Saturday, March 27, 2021

How to hide the CodeInsight status panel

The new CodeInsight status panel added in 10.4.2 can be very distracting with its busy progressbar. Unfortunately there is no builtin mechanism to hide it but doing so is very easy.

Edit: Apparently as Lachlan pointed out on the comments I totally missed the "Code Insight Activity" toggle in the Options dropdown of the Project manager toolbar:



I leave the obsolete way here for documentation - here is the code to add a toggle button to the projectmanager toolbar (adding an icon is left as an excersise to the reader):

unit ToggleLSPStatusPanel;

interface

procedure Register;

implementation

uses
  System.Classes,
  Vcl.Forms,
  Vcl.ComCtrls,
  Vcl.ExtCtrls;

var
  LSPPanel: TPanel;
  ToolButton: TToolButton;

procedure TogglePanel(instance: TObject; Sender: TObject);
begin
  LSPPanel.Visible := not LSPPanel.Visible;
end;

procedure Register;
var
  e: TNotifyEvent;
begin
  var projectManagerForm := Application.MainForm.FindComponent('ProjectManagerForm');
  var toolBar := TToolBar(projectManagerForm.FindComponent('Toolbar'));
  ToolButton := TToolButton.Create(nil);
  LSPPanel := TPanel(projectManagerForm.FindComponent('pLSPStatus'));
  ToolButton.Left := toolbar.Width;
  ToolButton.Parent := toolbar;
  TMethod(e).Data := nil;
  TMethod(e).Code := @TogglePanel;
  ToolButton.OnClick := e;
end;

initialization

finalization
  try
    ToolButton.Free;
  except 
    // simply swallow the exception when closing the IDE as 
    // it will already have destroyed the button
    // feel free to make this more robust
  end;

end.

Simply add this unit to a designtime package and install it. Enjoy!

Thursday, March 25, 2021

Introducing Delphi Uses Helper

I just wanted to share a small IDE plugin I wrote some time ago which helps adding units to your uses clause and/or navigating through code without having to rely on the faulty "Find declaration" feature.

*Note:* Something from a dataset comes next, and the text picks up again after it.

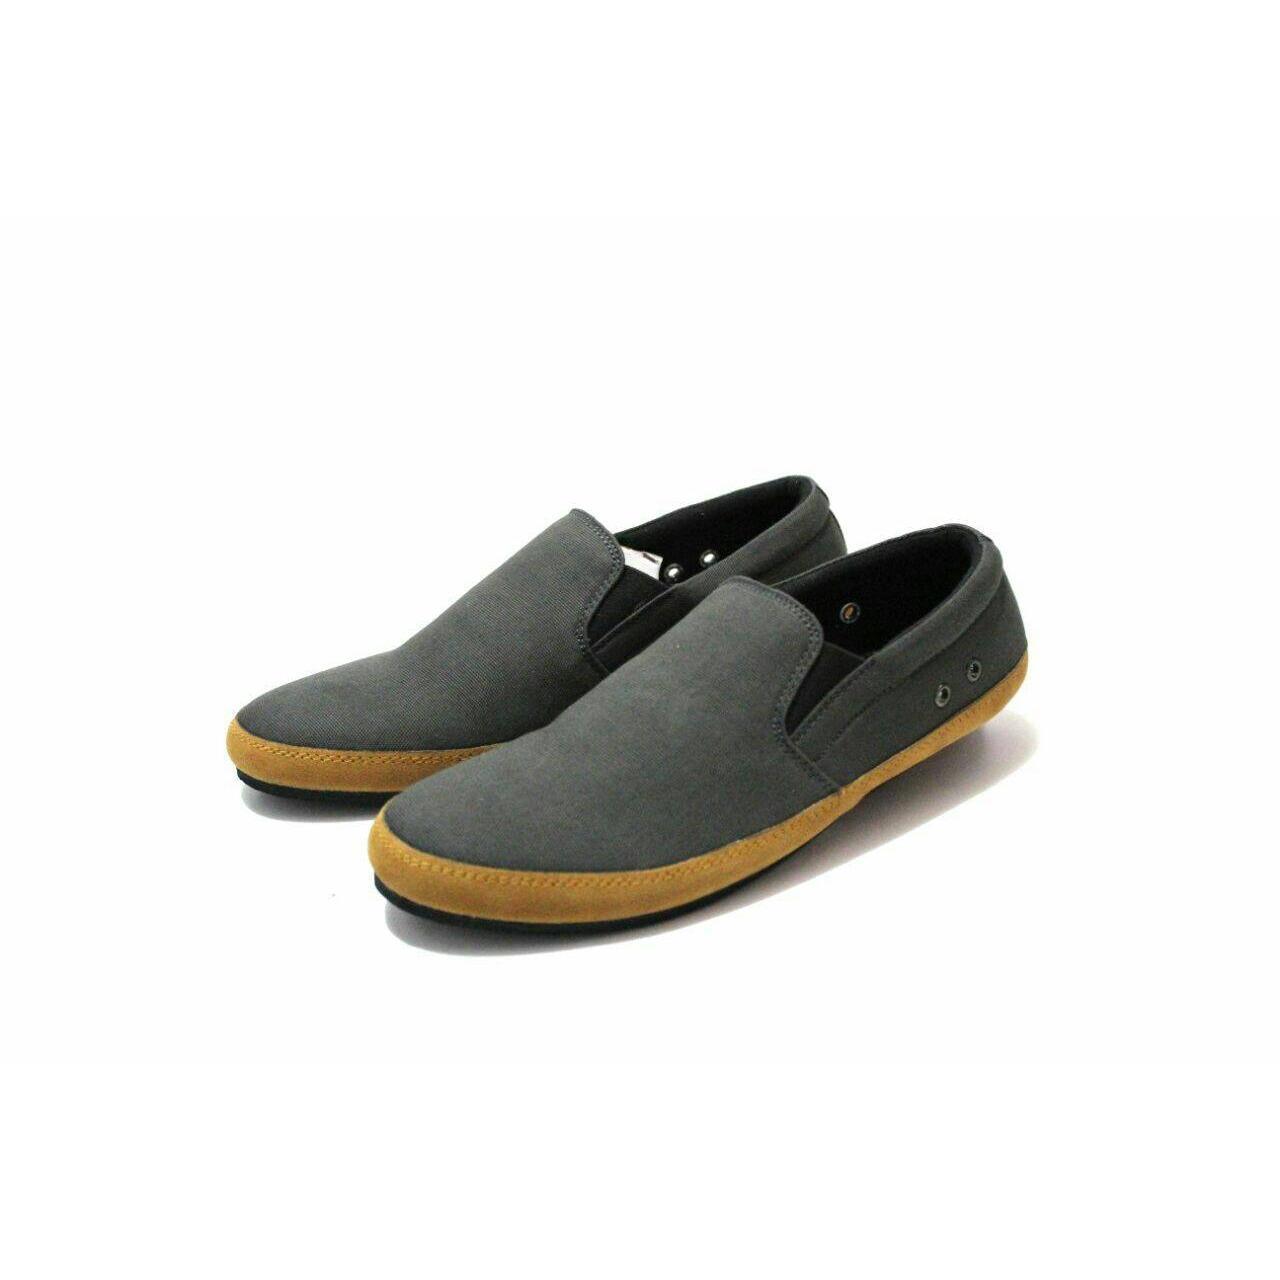 Louis Visto sepatu pria formal kulit asli model LV 206 Black. Source .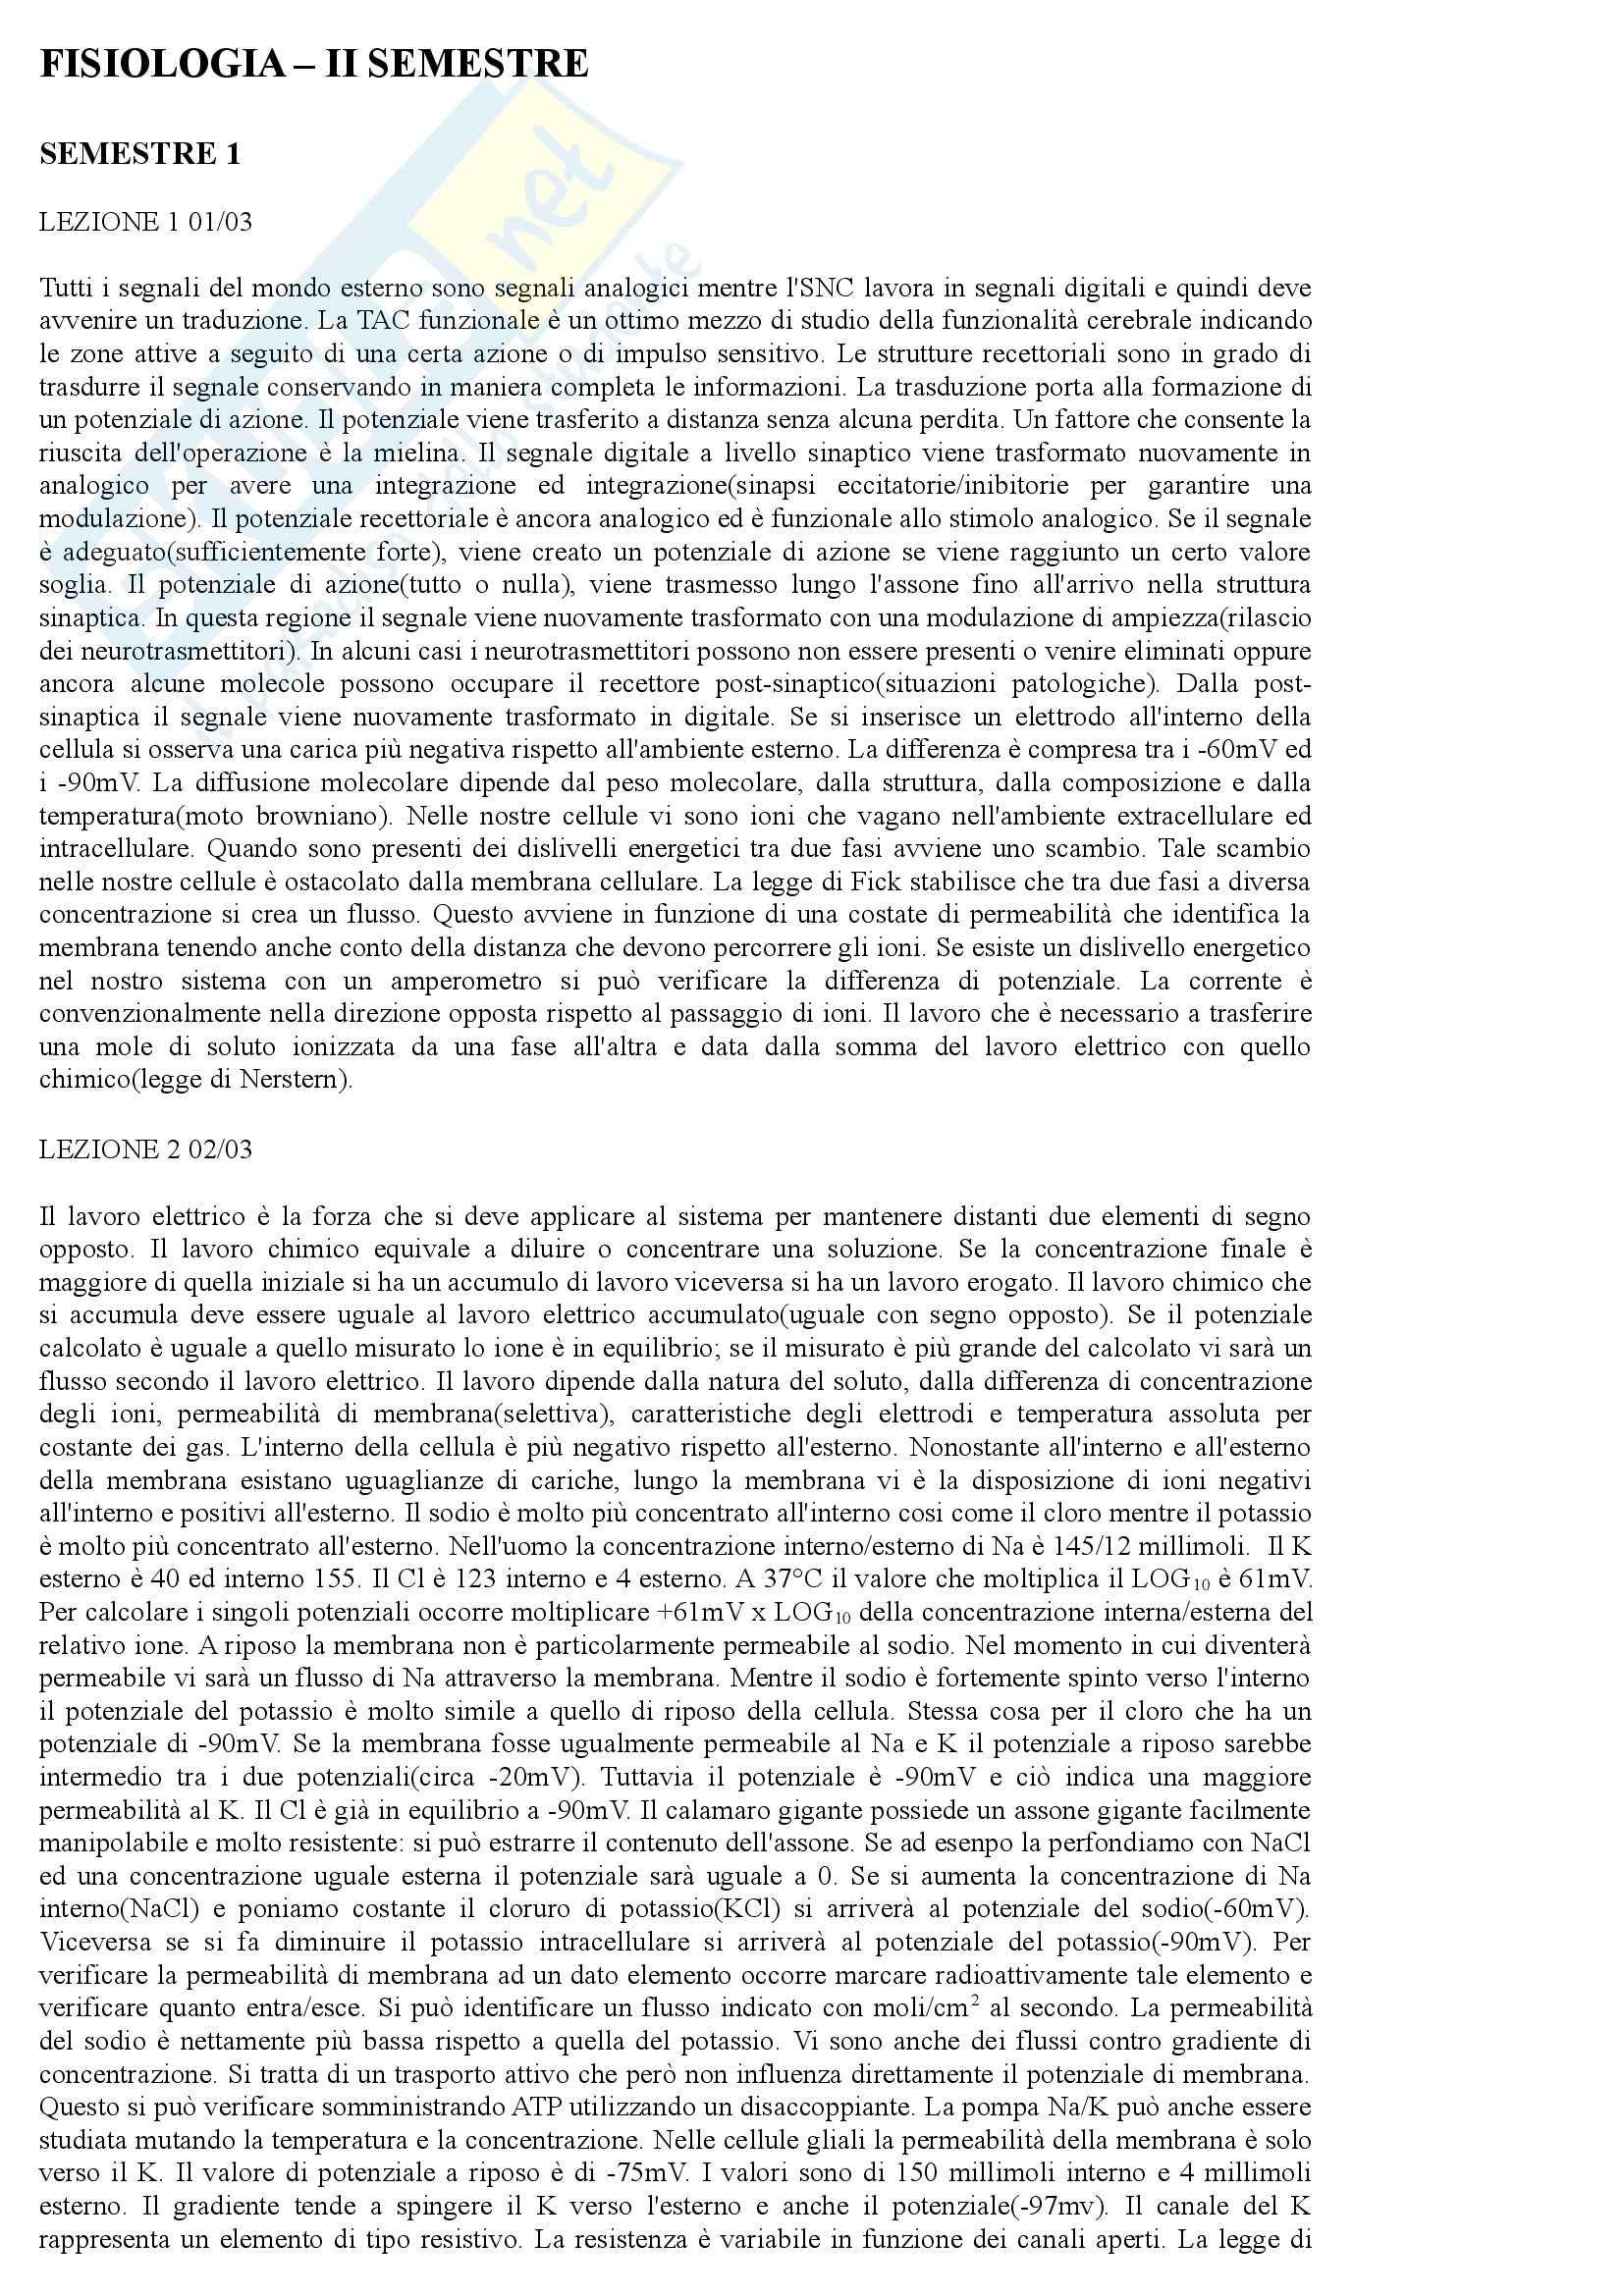 Fisiologia umana - Appunti

Installation and configuration

After installation go to Tools->Options in the IDE and then to Third Party->UsesHelper (or just hit F6, type "UsesHelper" and hit Enter)

Add any directories whose source you want to have indexed (recursively) and add directories that should be excluded from the indexing - one directory per line, no extra separators. Variables are supported like they are in other places in the IDE such as library path - as you can see with the already present entry for the Delphi sources.

Under "Unit scope names" you can add those unit scopes you want to omit when adding units to the uses clause - so if you for example like me write code that has to work with versions before XE2 this might be handy to add just Classes rather than System.Classes.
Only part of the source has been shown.